Material supplied →
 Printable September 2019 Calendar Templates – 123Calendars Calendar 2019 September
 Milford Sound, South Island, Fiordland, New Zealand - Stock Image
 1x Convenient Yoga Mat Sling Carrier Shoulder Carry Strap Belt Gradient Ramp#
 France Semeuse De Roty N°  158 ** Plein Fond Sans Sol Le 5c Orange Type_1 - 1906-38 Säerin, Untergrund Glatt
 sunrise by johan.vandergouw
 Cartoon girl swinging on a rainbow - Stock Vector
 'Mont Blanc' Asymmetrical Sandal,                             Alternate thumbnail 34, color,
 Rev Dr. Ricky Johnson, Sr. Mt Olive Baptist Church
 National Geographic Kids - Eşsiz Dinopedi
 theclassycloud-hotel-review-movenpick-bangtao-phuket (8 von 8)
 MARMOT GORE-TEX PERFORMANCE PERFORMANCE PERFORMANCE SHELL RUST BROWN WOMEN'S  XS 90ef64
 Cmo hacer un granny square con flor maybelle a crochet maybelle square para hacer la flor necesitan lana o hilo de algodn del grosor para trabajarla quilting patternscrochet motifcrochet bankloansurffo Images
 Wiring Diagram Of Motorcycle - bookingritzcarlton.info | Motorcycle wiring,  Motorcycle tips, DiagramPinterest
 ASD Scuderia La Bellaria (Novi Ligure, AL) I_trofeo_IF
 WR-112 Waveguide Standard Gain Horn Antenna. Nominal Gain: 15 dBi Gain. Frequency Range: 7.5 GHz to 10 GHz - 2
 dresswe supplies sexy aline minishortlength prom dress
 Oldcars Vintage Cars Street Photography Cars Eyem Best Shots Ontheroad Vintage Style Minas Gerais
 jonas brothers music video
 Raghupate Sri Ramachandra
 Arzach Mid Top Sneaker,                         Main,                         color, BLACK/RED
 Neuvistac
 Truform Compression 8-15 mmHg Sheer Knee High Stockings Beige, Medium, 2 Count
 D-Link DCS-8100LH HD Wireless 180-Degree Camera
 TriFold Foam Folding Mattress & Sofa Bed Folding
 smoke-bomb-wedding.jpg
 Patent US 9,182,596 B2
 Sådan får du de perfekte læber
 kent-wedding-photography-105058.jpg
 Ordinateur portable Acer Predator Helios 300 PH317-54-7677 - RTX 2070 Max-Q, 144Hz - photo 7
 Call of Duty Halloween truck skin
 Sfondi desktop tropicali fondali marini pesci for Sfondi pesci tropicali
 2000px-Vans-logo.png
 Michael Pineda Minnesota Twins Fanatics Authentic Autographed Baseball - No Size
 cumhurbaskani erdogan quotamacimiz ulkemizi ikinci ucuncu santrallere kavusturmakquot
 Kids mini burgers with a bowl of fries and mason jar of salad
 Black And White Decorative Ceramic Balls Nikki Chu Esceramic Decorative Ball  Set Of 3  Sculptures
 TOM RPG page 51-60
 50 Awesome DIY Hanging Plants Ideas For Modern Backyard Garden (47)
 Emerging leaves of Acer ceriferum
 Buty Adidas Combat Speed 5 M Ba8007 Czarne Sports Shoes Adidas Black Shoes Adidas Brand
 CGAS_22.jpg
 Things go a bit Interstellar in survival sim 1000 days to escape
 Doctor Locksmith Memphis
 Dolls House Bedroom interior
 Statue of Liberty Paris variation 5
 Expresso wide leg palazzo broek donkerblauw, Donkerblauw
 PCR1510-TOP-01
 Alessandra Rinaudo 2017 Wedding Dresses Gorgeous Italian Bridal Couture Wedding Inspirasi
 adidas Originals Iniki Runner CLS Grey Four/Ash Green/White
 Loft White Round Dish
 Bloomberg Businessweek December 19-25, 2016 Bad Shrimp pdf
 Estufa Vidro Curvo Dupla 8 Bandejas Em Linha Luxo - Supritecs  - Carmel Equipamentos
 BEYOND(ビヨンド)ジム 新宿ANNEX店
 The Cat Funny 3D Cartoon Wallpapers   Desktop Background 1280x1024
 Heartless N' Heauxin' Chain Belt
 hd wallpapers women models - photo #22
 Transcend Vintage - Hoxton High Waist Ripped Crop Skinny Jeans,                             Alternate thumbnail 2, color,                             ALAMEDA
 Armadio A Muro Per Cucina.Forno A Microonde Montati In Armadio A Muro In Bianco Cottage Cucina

Instructions to follow →
Output each line of the listing in which the string "Vintage" is found.

Problem solution →
 Oldcars Vintage Cars Street Photography Cars Eyem Best Shots Ontheroad Vintage Style Minas Gerais
 Transcend Vintage - Hoxton High Waist Ripped Crop Skinny Jeans,                             Alternate thumbnail 2, color,                             ALAMEDA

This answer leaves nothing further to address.